Prior to the introduction of the Juno development board ARM developers could only make use of hardware-based emulators or fast software models to run their own software.
The Juno-AOSP combination is intended to be a support for people writing software and middleware for mobile equipment rather than developers of server software. The final version of the Juno board will not have PCIe connectors, Konstanje said.
The ARMv8-A hardware development platform is based on the Juno test chip which includes a quad-core Cortex-A53 CPU, a dual-core Cortex-A57 CPU in a big-little configuration and a quad-core Mali-T624 GPU. ARM's Konstanje said that the Juno SoC provides an FPGA extension to support the creation and testing of hardware IP as part of SoC development. The board includes 8Gbytes of DDR3 memory with a bandwidth to the processor of 12.8-Gbytes per second.
Block diagram of Juno 64-bit ARM SoC
ARM did not provide performance figures for the Juno test chip or indicate what process it has been implemented in.
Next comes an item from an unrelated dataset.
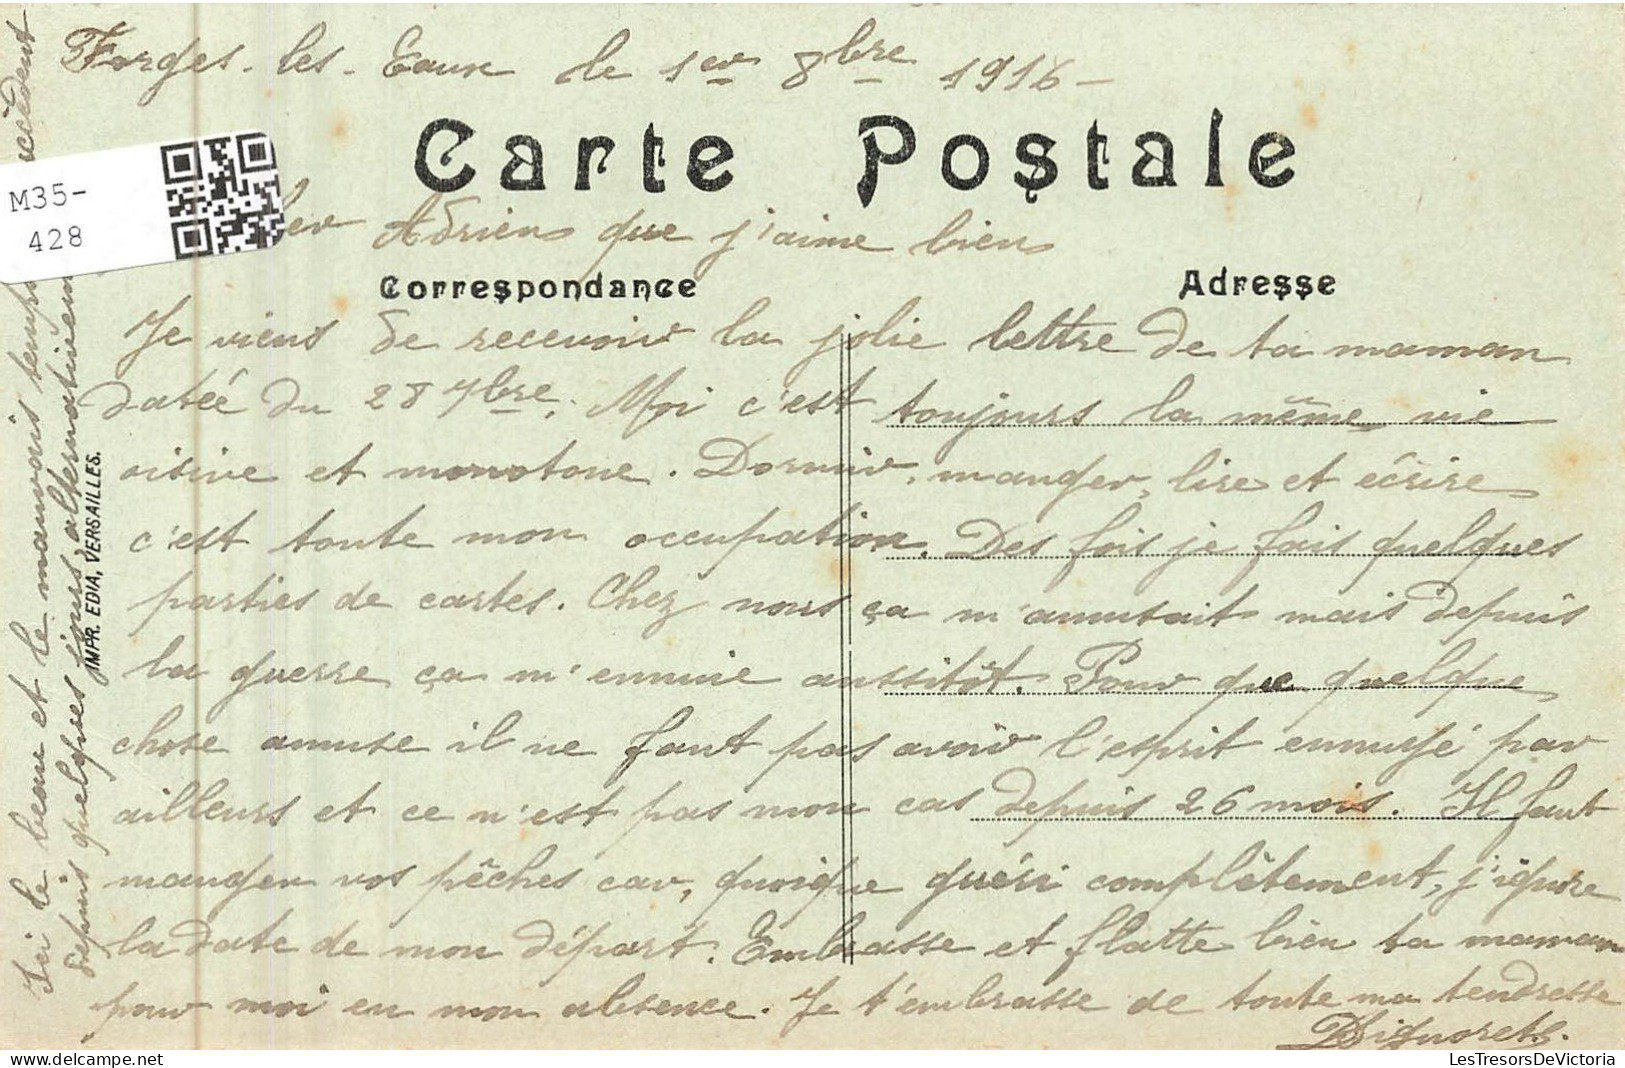 FRANCE - Environs De Forges Les Eaux - Vue Générale Du Château Du Fossé -  Carte Postale Ancienne - Forges Les Eaux

Konstanje said it doesn't matter if the performance is not that high as the board is intended only for development.
The board measures about 25cm by 25cm and comes loaded with connectors for USB connections and keyboards and for such things as an FPGA daughter board.
While the AOSP port is available for download for free, there is a price on the Juno development board. However, the price is not for public discussion Konstanje said. "It is priced similarly to previous ARM hardware," he added.